Potential blood flow treatment still faces hurdles
Sold under the brand names TNKase, Metalyse and Elaxim, the thrombolytic drug tenecteplase has recently shown promise to restore blood flow in stroke patients.
The potential for the treatment — and some hesitancy for it to replace FDA-approved alteplase — will be the focus of Thursday’s session, “The Road to Tenecteplase in Routine Clinical Practice: Are We There Yet?”
“One of the main reasons for reluctance is that tenecteplase is not level 1 on the American Stroke Guidelines despite multiple clinical trials and retrospective studies favoring tenecteplase as opposed to alteplase,” said Sujani Bandela, MD, assistant professor of vascular neurology at the University of Texas Health Science Center in San Antonio.
“Another reason is that many academic and larger comprehensive centers are still transitioning, so once that happens maybe it will push others in rural and smaller hospitals to make the switch.”
Shlee Song, MD, FAHA, neurology professor and director of the Comprehensive Stroke and Telestroke Program at Cedars Sinai Health System in Los Angeles, said another reason for the reluctance is clinical trials at comprehensive stroke centers and university hospitals haven’t allowed for tenecteplase to replace alteplase in research protocols in ongoing clinical trials.
“This has been changing with a few study steering committees that gave latitude to each hospital to allow for their local standard-of-care to be determined,” Dr. Song said.
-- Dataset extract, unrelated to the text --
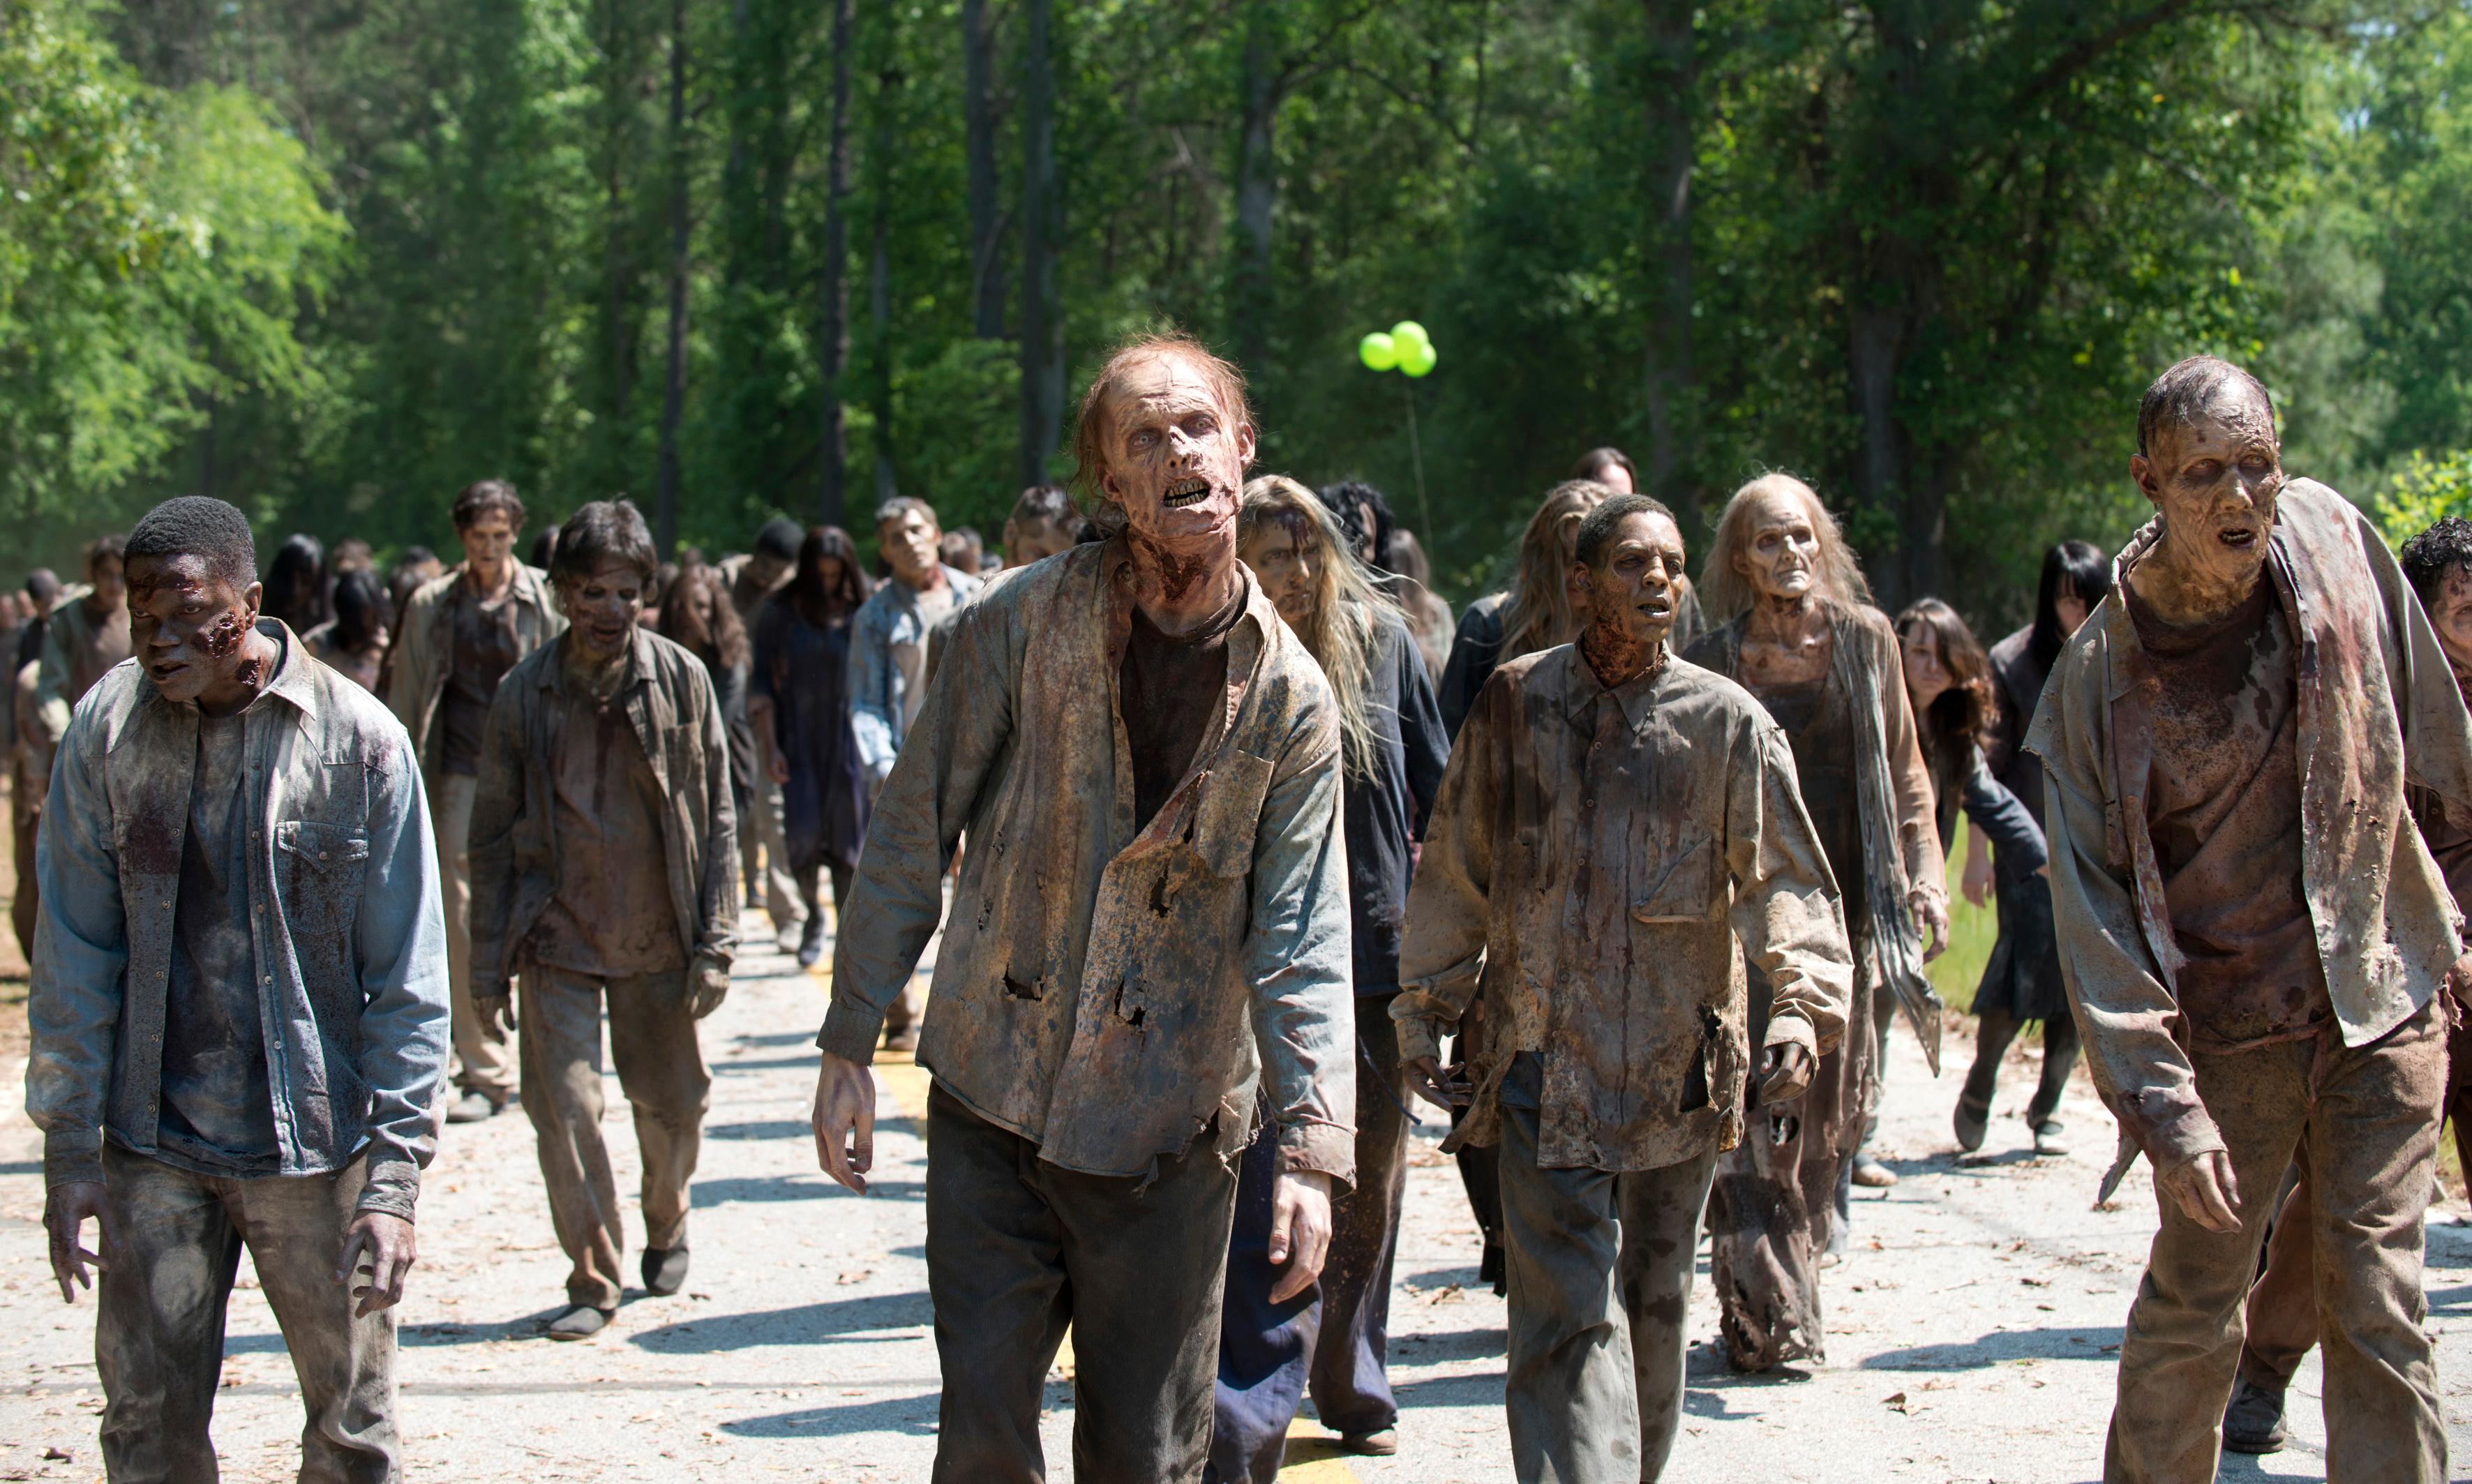 James Cameron's Story of Science Fiction to feature The Walking Dead - Undead Walking

Whatever obstacles remain, Dr. Bandela said a universal shift to tenecteplase is likely and should be focused on at larger academic centers making the shift first, followed by the smaller hospitals that are connected to them. This, she said, will help move treatment away from the classic “drip and ship” model, in which patients receive emergency treatment at a community hospital, and are then transferred to a comprehensive stroke center.
“Tenecteplase will have an easier transition that will allow quick administration of the thrombolytic, and then ship (the patient) toward a larger center for thrombectomy,” she said. “I would call it the ‘bolus and ship’ model.”
A universal shift to tenecteplase will be more likely once the AHA/ASA Acute Ischemic Stroke Guidelines adopt it as a reasonable alternative to alteplase and if it receives FDA approval, Dr. Song said.
Meanwhile, evidence for tenecteplase as a viable blood flow treatment continues to mount in ongoing trials and retrospective studies of multiple demographic populations, Dr. Song said.
“Our tenecteplase study in the state of Texas started out with two areas of Austin and San Antonio and now includes all academic centers statewide,” she said. “We have enough evidence at this point as many centers have already transitioned or are in the process of transitioning to tenecteplase.”
Even with the inevitable change, it will take some time to replace alteplase because it has been firmly entrenched in most medical systems for years, Dr. Song said.
“Given that alteplase has been in use at many medical centers since the late 1990s and early 2000s — embedded in workflows, education materials, policies and order sets — it is a lot of work and requires a multidisciplinary approach to adopt a new drug,” she said. “Thankfully, with many leaders and early adopters in this area sharing best practices, the updates are more manageable to roll out.”